Trump’s tax plan vs Clinton’s ‘trickle-down government’? No contest

Special to WorldTribune.com

Stephen Moore

By Stephen Moore

Hillary Clinton keeps bashing the Trump tax plan as “trumped-up trickle-down economics.”

This class-warfare card has become the standard and tired response to every Republican tax reform plan for 30 years. No wonder we haven’t cleaned out the stables of the tax code since the Reagan era. Democrats have no interest in doing so.

Clinton’s claim is that the plan will blow a hole in the debt (which is rich coming from someone who worked for an administration that nearly doubled the debt in eight years) and that the benefits all go to the rich. She also says it will cost jobs and could even cause a recession.

NoContestI worked on devising the Trump tax plan with economists Larry Kudlow, Sam Clovis and others, so I know a little bit about the costs and the benefits.

The Democrats subscribe to an amazing ideology that says that letting businesses keep more of their own money will cause the economy to capsize but a $1.5 trillion tax hike on businesses and investors will create jobs. Yes, and injecting Elmer’s glue into your veins is a good way to prevent a heart attack.

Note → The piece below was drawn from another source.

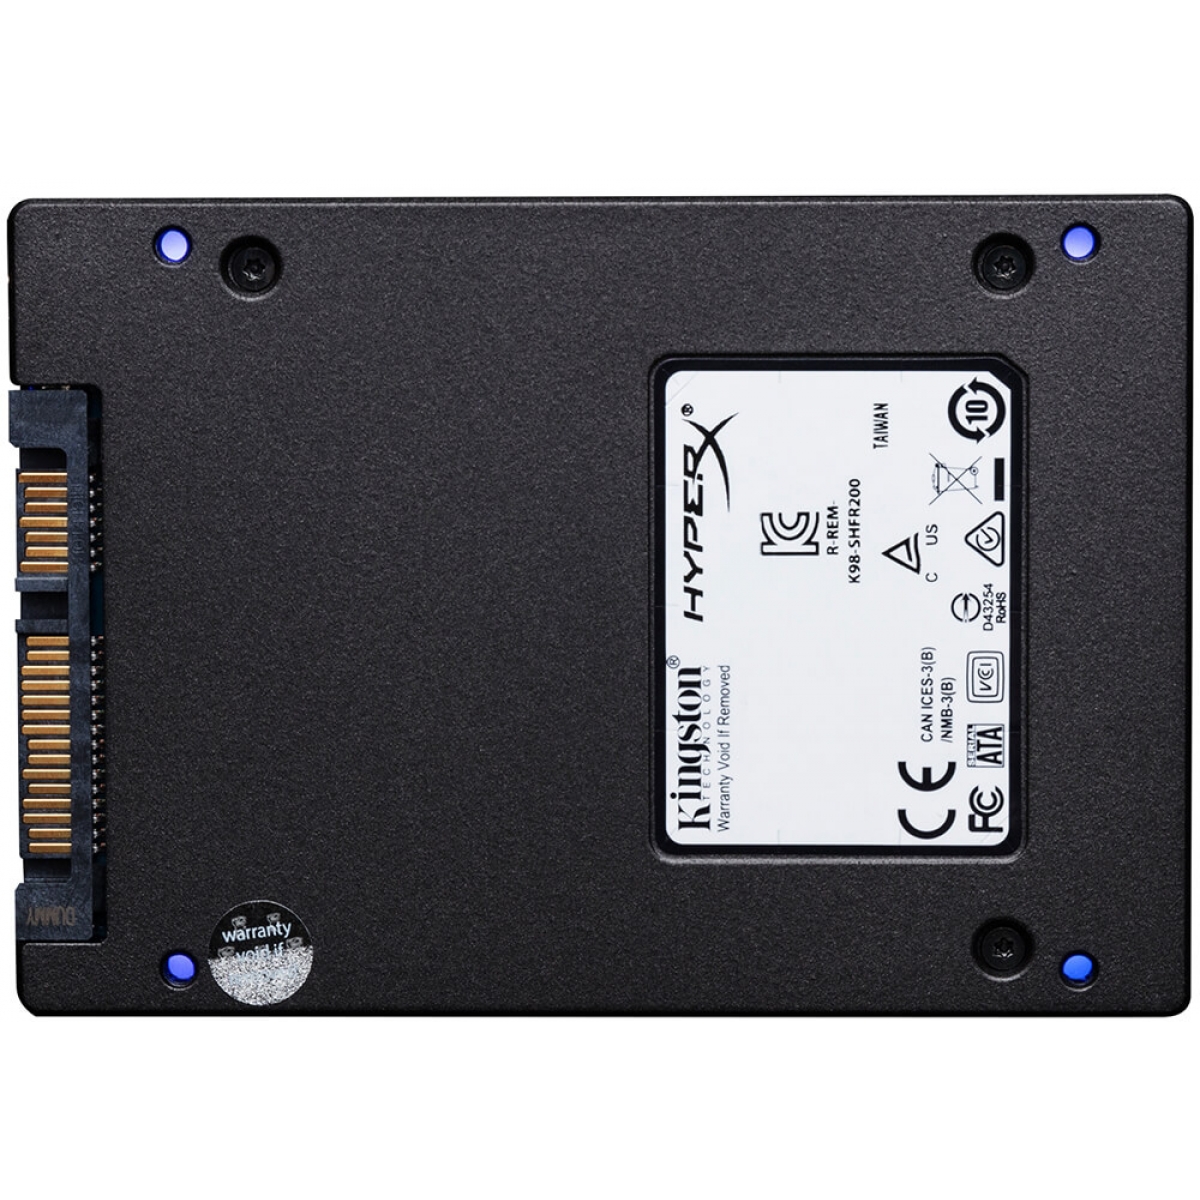 SSD Kingston Hyperx Fury RGB, 960GB, Sata III, Leitura 550MBs e Gravação 480MBs, SHFR200/960G

Let’s start with her claim that the plan will cost $5 trillion. That’s wrong.

When taking into account the higher economic growth from the lower tax rates on businesses and workers, the plan’s “cost” is about half that size. The Tax Foundation finds the plan will raise the GDP growth rate by almost 1 percentage point over a decade, and that means lots of jobs and additional tax revenue for the government. The best way to balance the budget is to put Americans back to work.

The $2.5 trillion “cost” of the tax cut can and will easily be made up by cutting government spending. Over the next decade the government is expected to spend almost $50 trillion. Surely, with sound, business-like leadership, we can save 5 cents on the dollar.

Next, she says that tax cuts have never worked to revive the economy. We believe that cutting taxes for 26 million small businesses will be a huge incentive for more hiring and expansion by businesses that are now taxed at as high as 40 percent. The American Enterprise Institute finds that the biggest beneficiary of a business tax cut is the American worker, whose wages will go up from more capital spending. If a trucking company goes from 50 trucks to 75, that’s 25 more truckers it will need to hire.

Clinton needs a tax-cut history lesson. “Supply-side” tax rates were at the heart of the Reagan economic plan in the 1980s. The Reagan expansion, with lower taxes, was twice as powerful as the anemic Obama recovery, with higher taxes and more government spending. The difference in the two recoveries is nearly $3 trillion in lost output. Similarly, the John F. Kennedy tax cuts got us 5 and 6 percent growth. JFK was right: The best way to raise revenues is to “cut tax rates now.” Even Bill Clinton agreed to a capital gains tax cut, which led to a gusher of new federal revenues.

Next, Clinton claims that only rich people such as Trump himself will benefit from this “trumped up” tax plan. She obviously hasn’t read the tax plan. By design, the tax rate reductions for the rich are offset almost dollar for dollar by the loss of $250 billion a year in tax deductions for rich people. So, the overall tax burden of most millionaires and billionaires is not changed. Almost all of the benefit in dollar terms from the tax plan goes to the middle class (and owners of small businesses). We think they deserve a break after a decade that has wiped out financial savings of the middle class. With Obamacare premiums rising by 10 to 30 percent in many states this year, families need the tax cut desperately.

The nonpartisan Tax Foundation calculates that the Trump tax plan causes a rise of after-tax income by about 8 percent, or $4,000 for the average middle-class household, while the Clinton plan shrinks incomes.

What Clinton isn’t telling you is that she and her liberal friends are against tax cuts because they want to spend the money on “free” everything. This includes the silliest idea of all time: hundreds of billions for 500 million solar panels. Get ready for a cascade of dozens of new Solyndras. How much money is going to go to Elon Musk from this corporate-welfare giveaway? It could be in the tens of billions of dollars. So, whose policies benefit the rich and the political class?

Hillary Clinton is offering the American people trickle-down government.

When has that ever worked?

Stephen Moore is a columnist for WorldTribune.com, an economic consultant with Freedom Works and a senior economic adviser to the Donald Trump campaign.